Dynamics of the infected classes per patch for equal vaccination rates (solid lines) in all patches and vaccine prioritization (dotted lines) for the high-risk patch P3. (a) Asymptomatic classes A1 (blue), A2 (green), A3 (yellow). (b) Symptomatic classes I1 (blue), I2 (green), I3 (yellow). (c) Reported classes (blue), (green), (yellow). The mobility matrix is PI.
4.3. Coverage, efficacy and delivery time versus mobility
From the simulations shown in figure 4, one can see that even when prioritizing vaccination in the high-risk patch (C3 > C1, C2 and T3 < T1, T2) reduces the prevalence level, this reduction seems to be still less than the reduction achieved if there is restricted mobility (see the right column in figure 3). Therefore, we further explore how vaccination coverage, efficacy and delivery time affect the control of the transmission dynamics in comparison with the effect of mobility restrictions.

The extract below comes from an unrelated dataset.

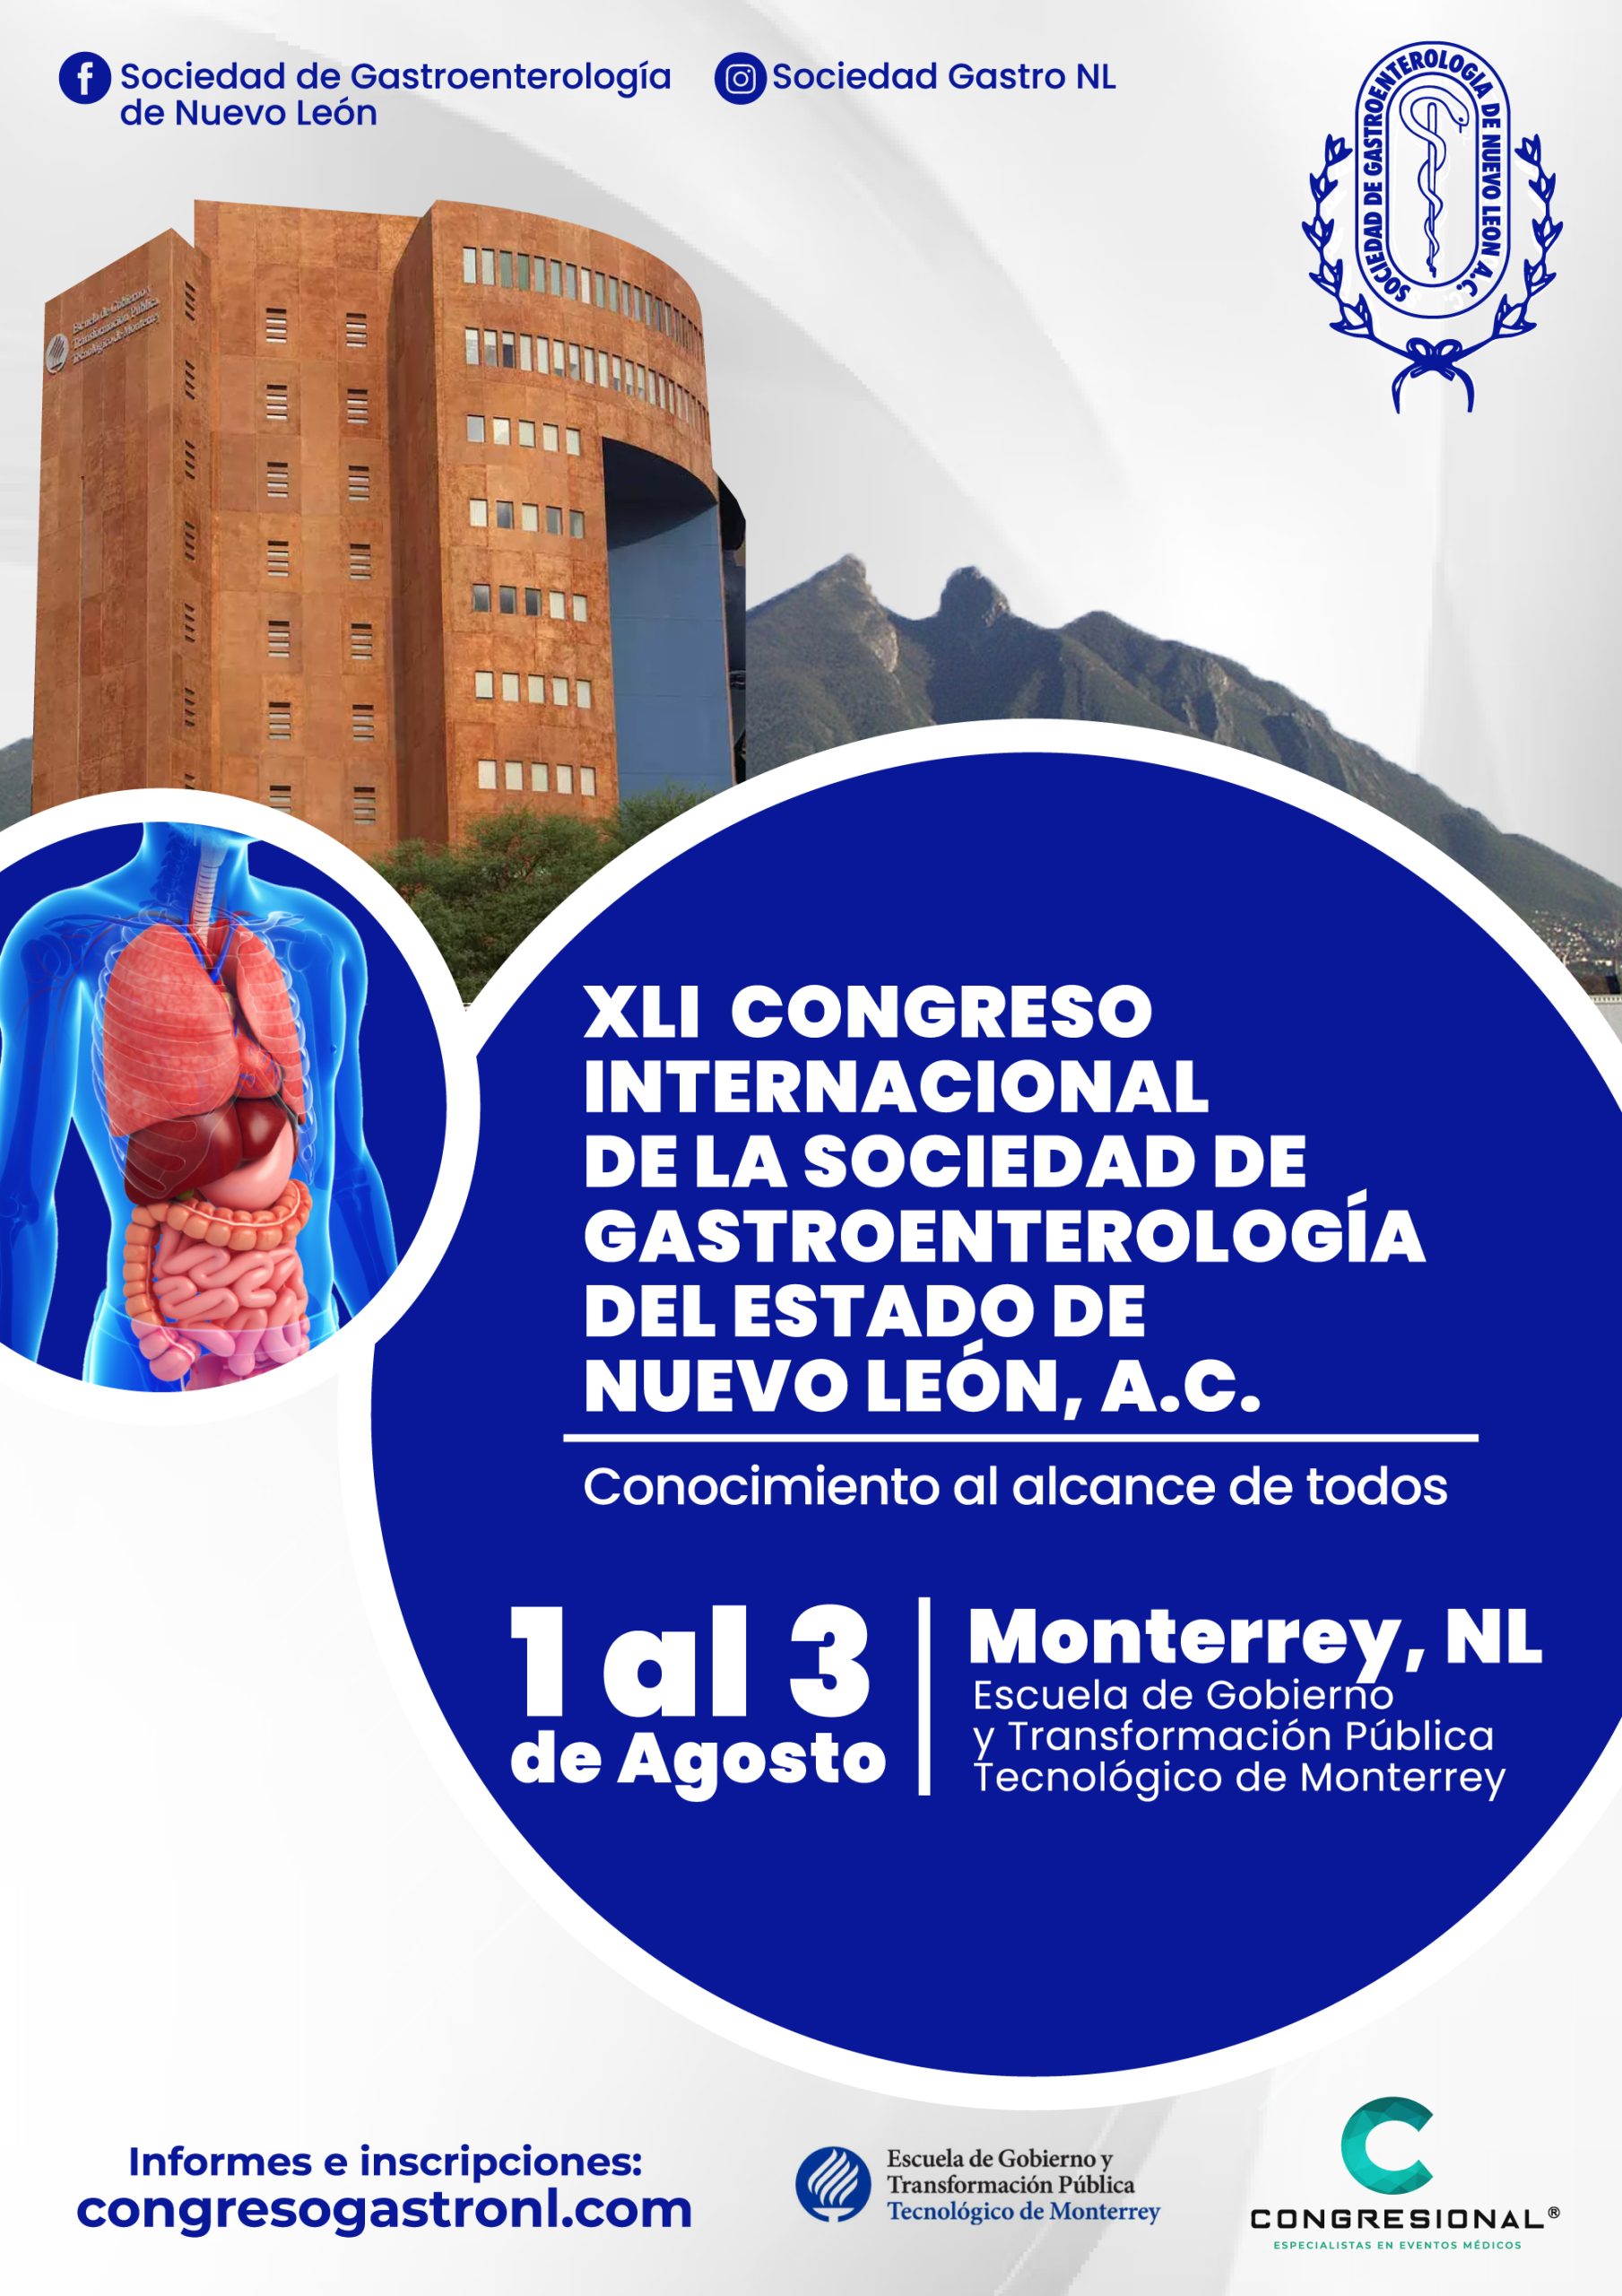 XLI Congreso Internacional de la Sociedad de Gastroenterología del Estado de Nuevo León
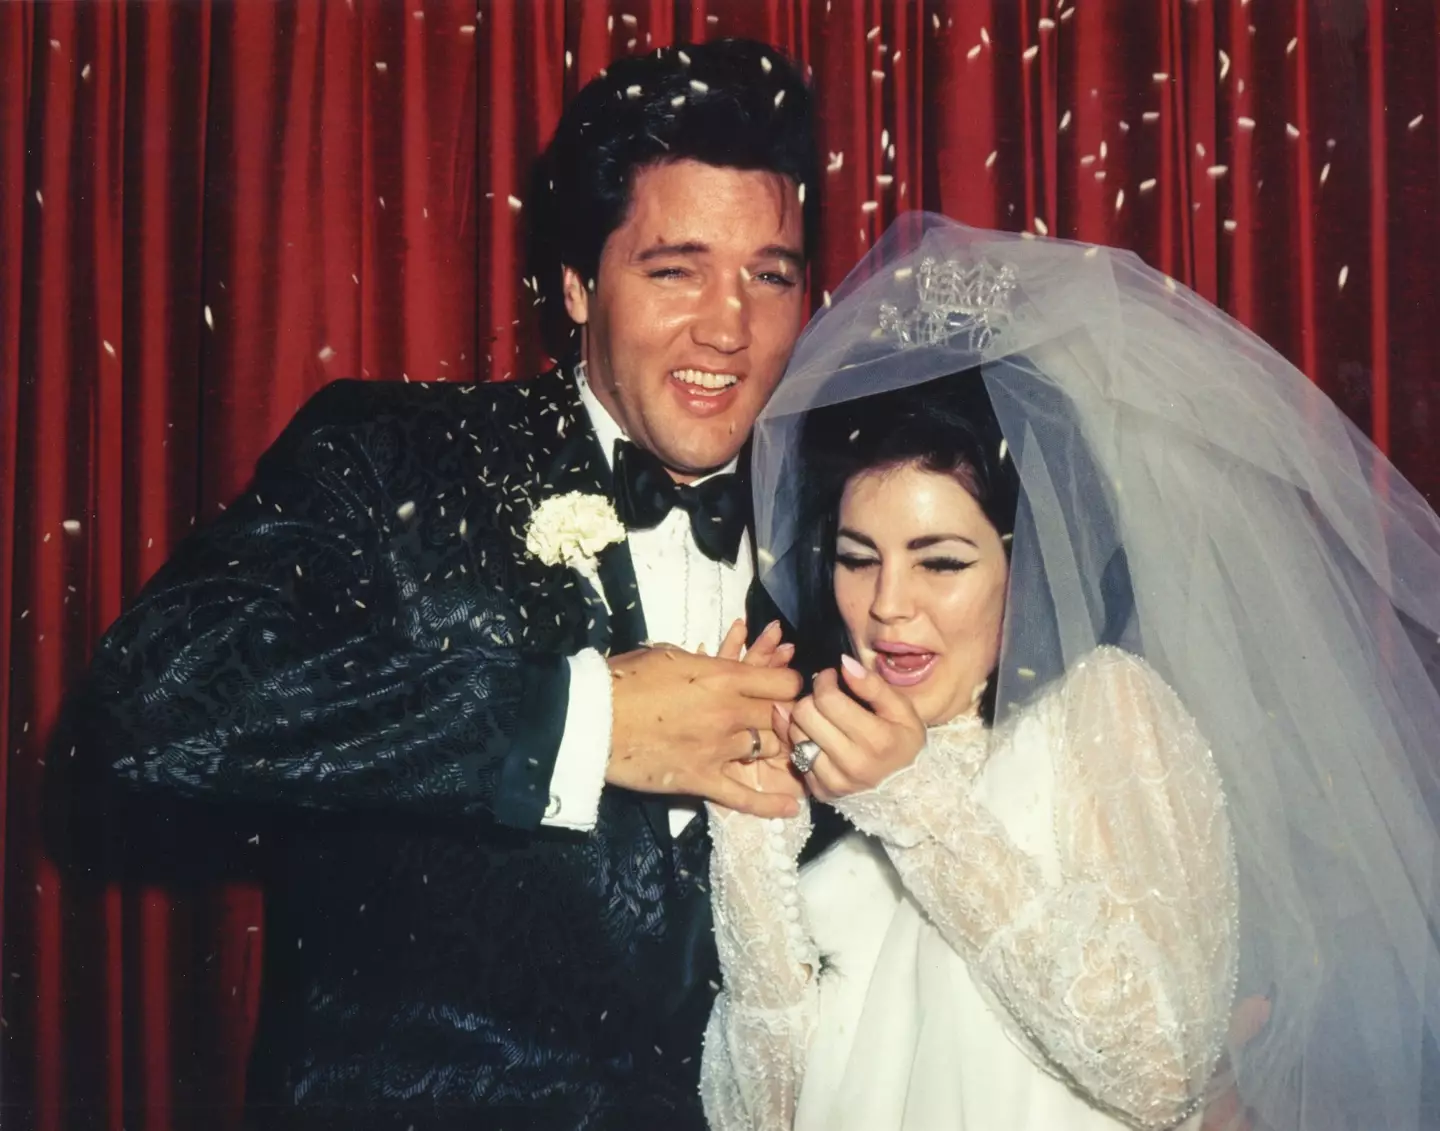 Elvis Presley & Priscilla Presley at their wedding in 1967.

Figure 5 presents the results. For all plots, the total number of cumulative reported cases for the high-mobility case (the residence time matrix is PI) are presented by the red solid lines, and red dotted lines represent the low-mobility case (the residence time matrix is PII). These cumulative reported cases are obtained without vaccination and indicate that the expected number of reported infections for Mexico City is between 430 000 and 550 000 cases by the end of 2021 depending on the level of mobility. In figure 5a, we vary the vaccination coverage between 20% and 40% with fixed efficacy at 80% and delivery time in five months. In figure 5b, we vary vaccine efficacy between 70% and 90% with fixed 30% coverage achieved in five months. In figure 5c, we vary delivery time between two and six months for fixed 80% efficacy and 30% coverage, respectively. The simulations (solid lines) are obtained for the high-mobility matrix PI. From figure 5a, we see that an efficacy of 80%, with 40% coverage achieved in five months has a similar effect in comparison with restricted mobility without vaccination. In figure 5b, one can see that even with 90% vaccine effectiveness if the coverage is 30% in five months, the reported cases are higher in comparison with the reduction achieved by restriction of mobility. On the other hand, if the 30% coverage is achieved very fast (two months) and vaccine effectiveness is 80%, the reduction in the number of cases is greater than the one obtained by restriction of mobility (figure 5c). In summary, the reduction of mobility among patches plays a significant role in the mitigation of the disease close to the effect of immunization coverage of 30% achieved in four months. Finally, note that for the ranges explored in figure 5, it seems that coverage and the time needed to achieved such coverage has more impact than vaccine efficacy in disease control.
Figure 5.
Impact of coverage, efficacy and delivery time on the cumulative number of reported cases in comparison with the impact of mobility. (a) Vaccination coverage between 20% and 40% with fixed efficacy at 80% and delivery time in five months. (b) Vaccine efficacy between 70% and 90% with fixed 30% coverage achieved in five months. (c) Delivery time between two to six months for fixed 80% efficacy and 30% coverage. The proposed scenarios are presented in solid lines (blue, green, yellow) and are obtained for the residence time matrix PI. For all sub-figures, the total number of cumulative reported cases for the residence time matrix PI are presented by the red solid lines and red dotted lines represent the low-mobility case where the residence time matrix is PII.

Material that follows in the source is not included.